─── Records for processing
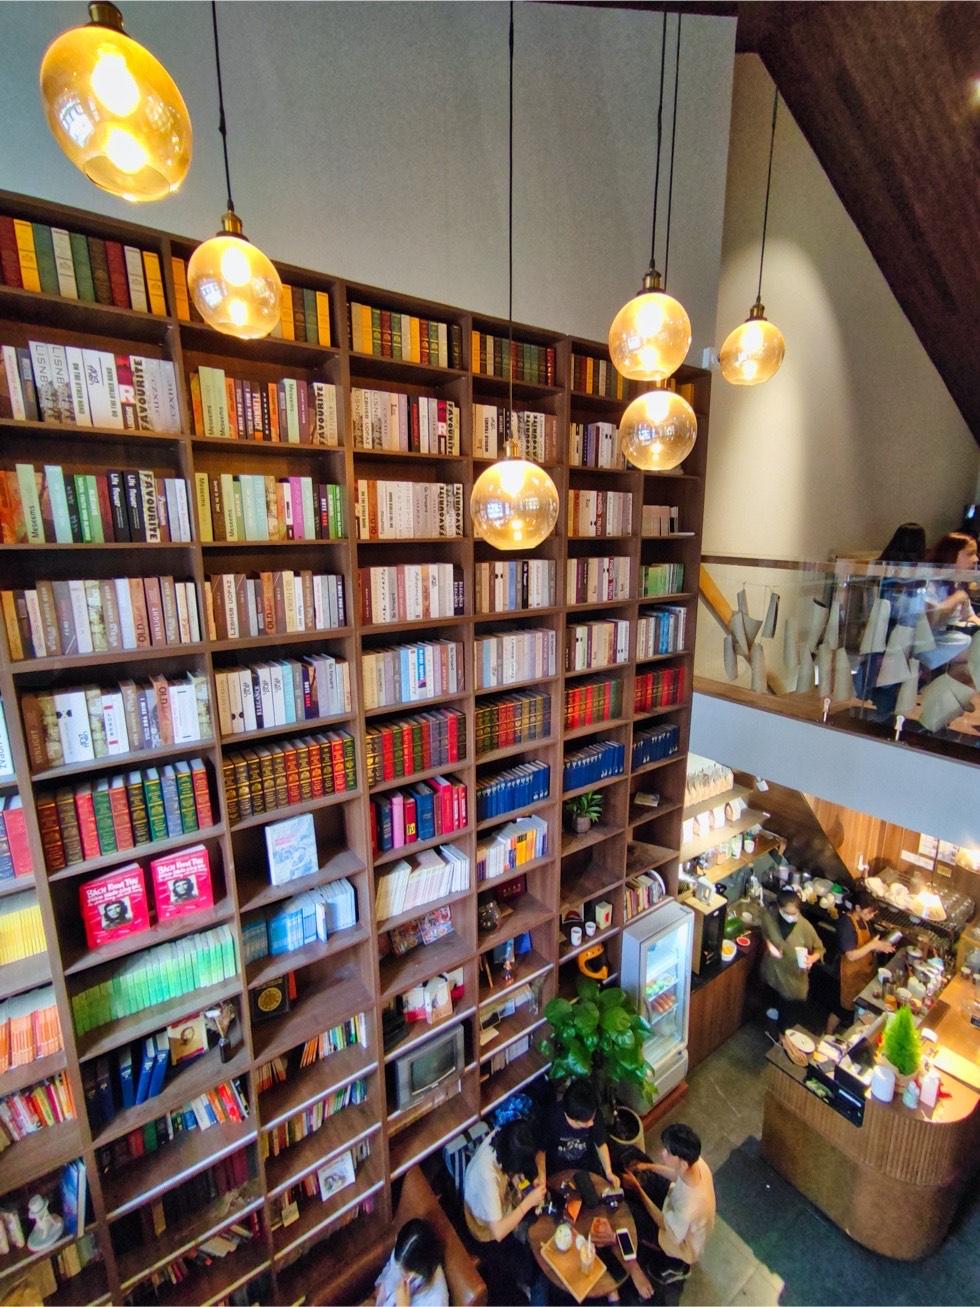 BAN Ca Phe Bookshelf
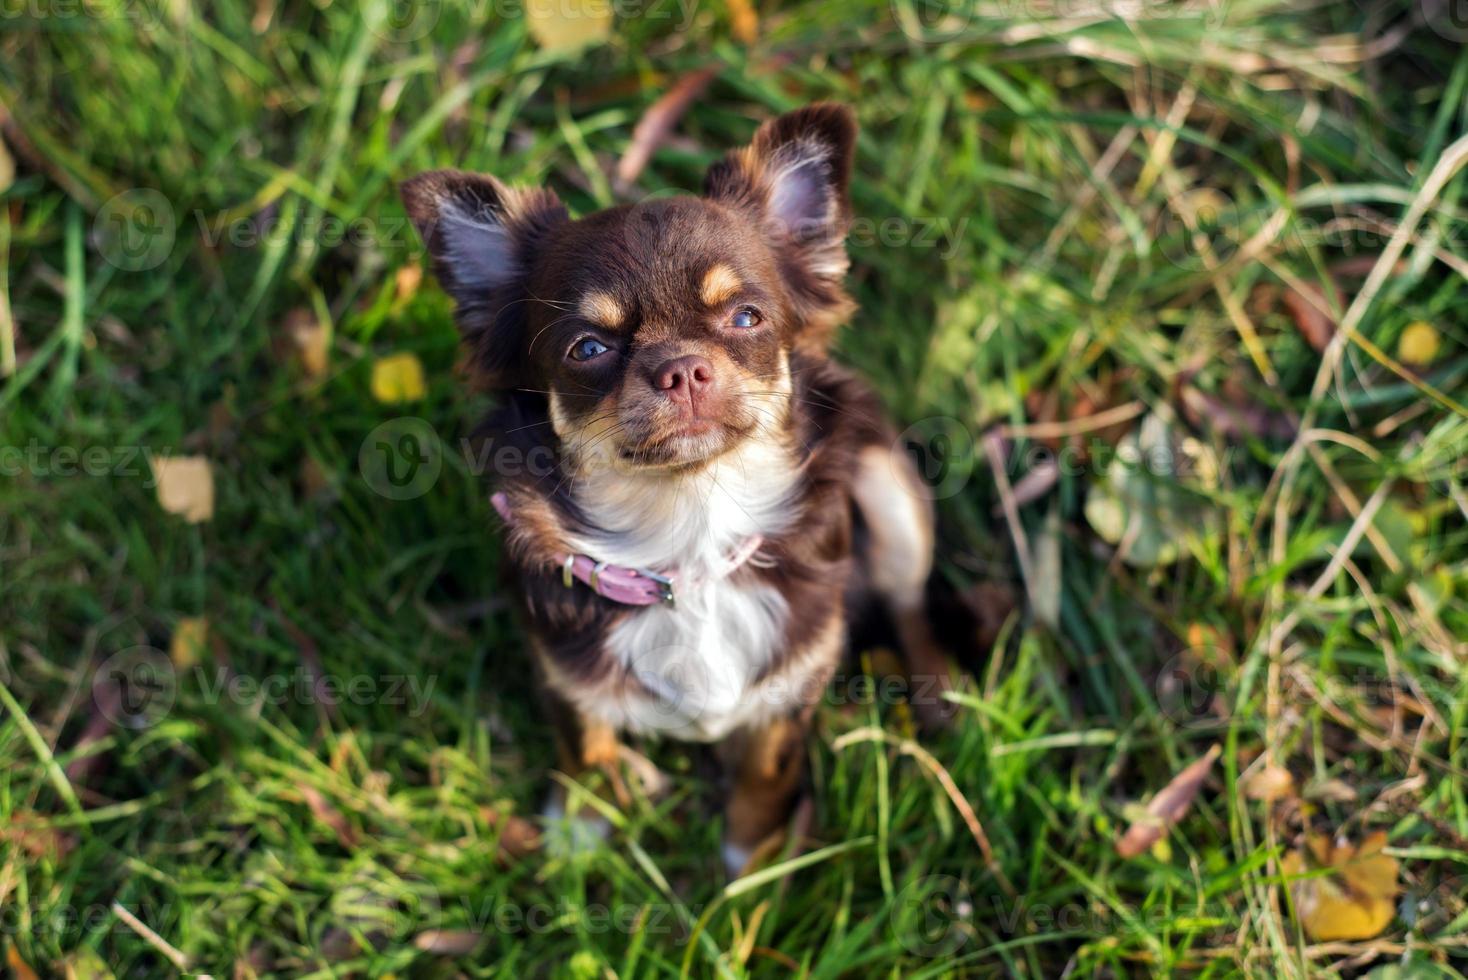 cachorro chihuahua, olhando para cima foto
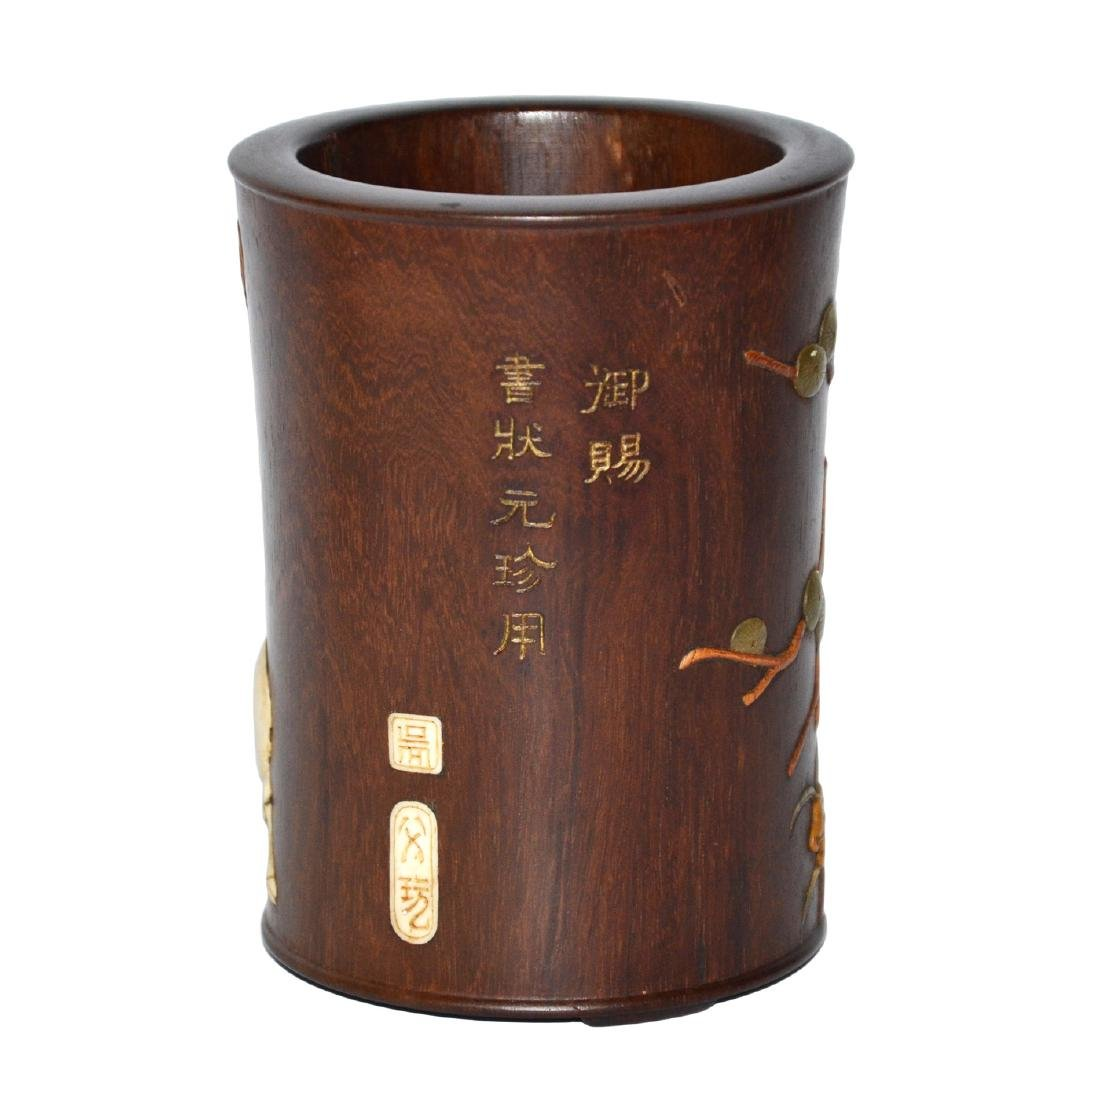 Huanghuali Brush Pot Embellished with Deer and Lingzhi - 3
──────
─── Records for processing
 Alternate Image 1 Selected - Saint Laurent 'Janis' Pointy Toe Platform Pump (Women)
──────
─── Records for processing
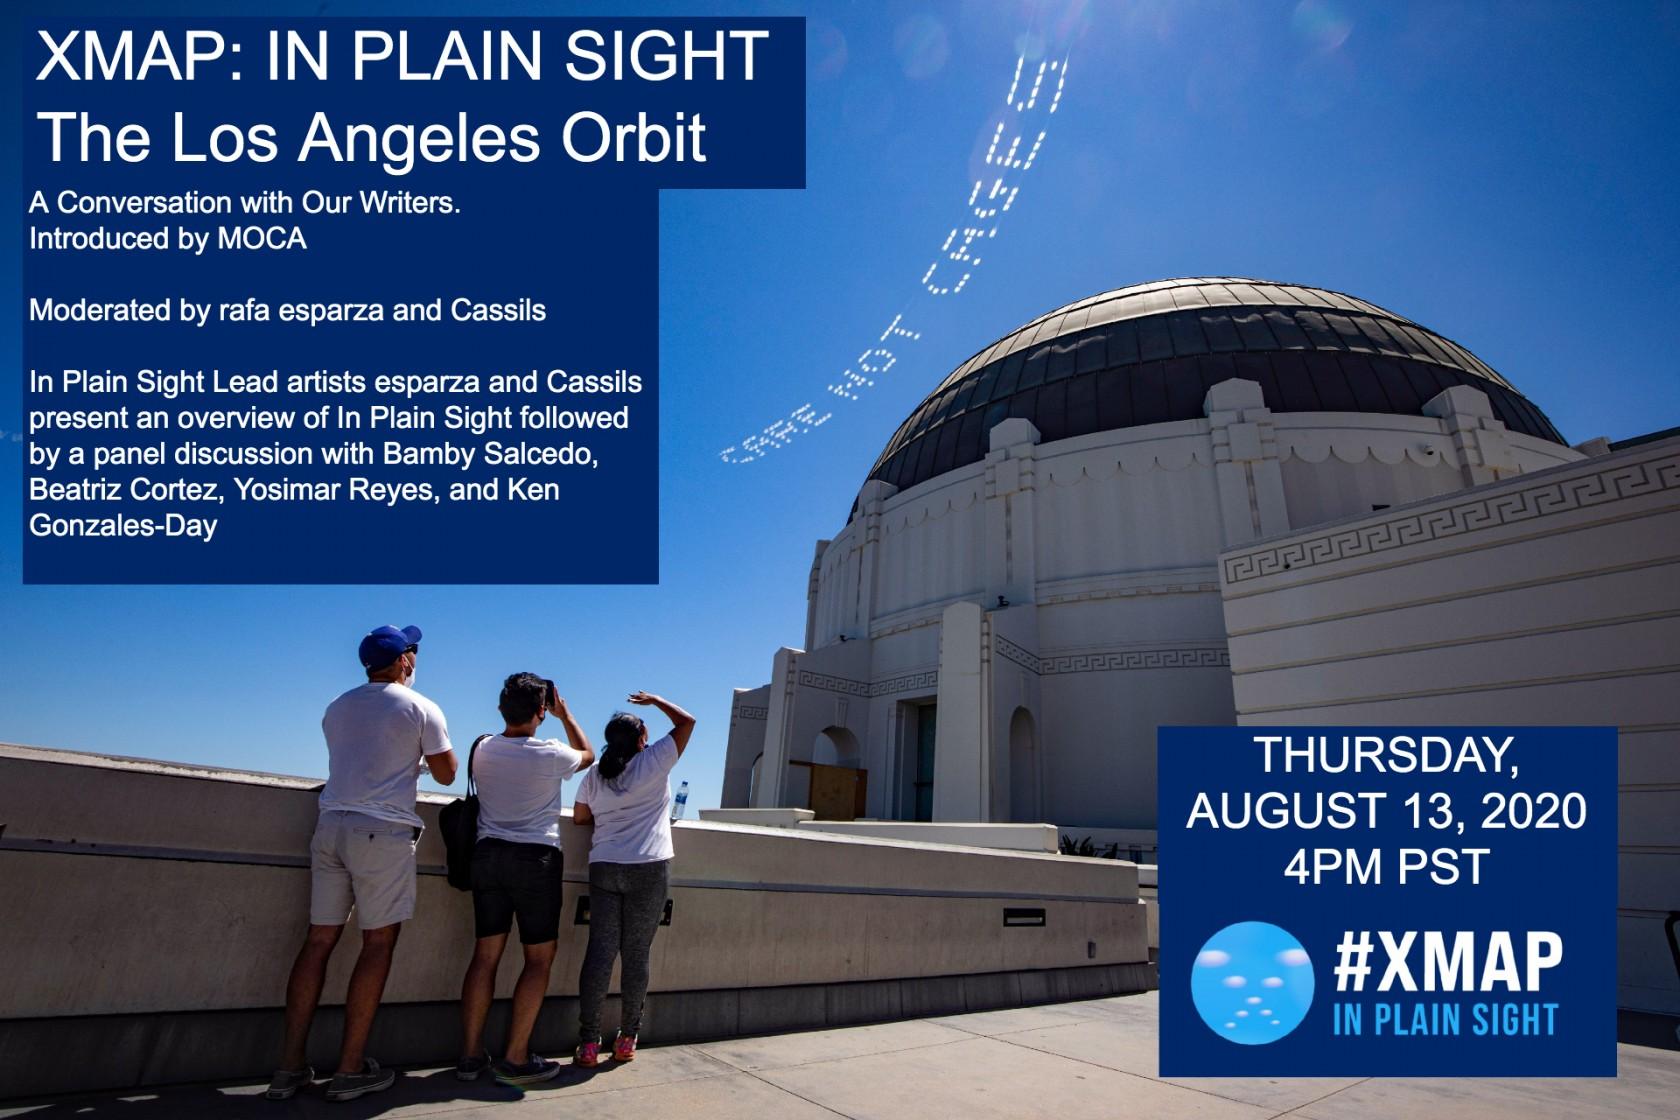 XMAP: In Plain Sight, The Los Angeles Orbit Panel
──────
Aim of the exercise:
Every line above from the one with "cachorro chihuahua, olhando para cima foto" down to the one with "Huanghuali Brush Pot" must be written out exactly, and no picture may appear.

Result of the exercise:
 cachorro chihuahua, olhando para cima foto
 Huanghuali Brush Pot Embellished with Deer and Lingzhi - 3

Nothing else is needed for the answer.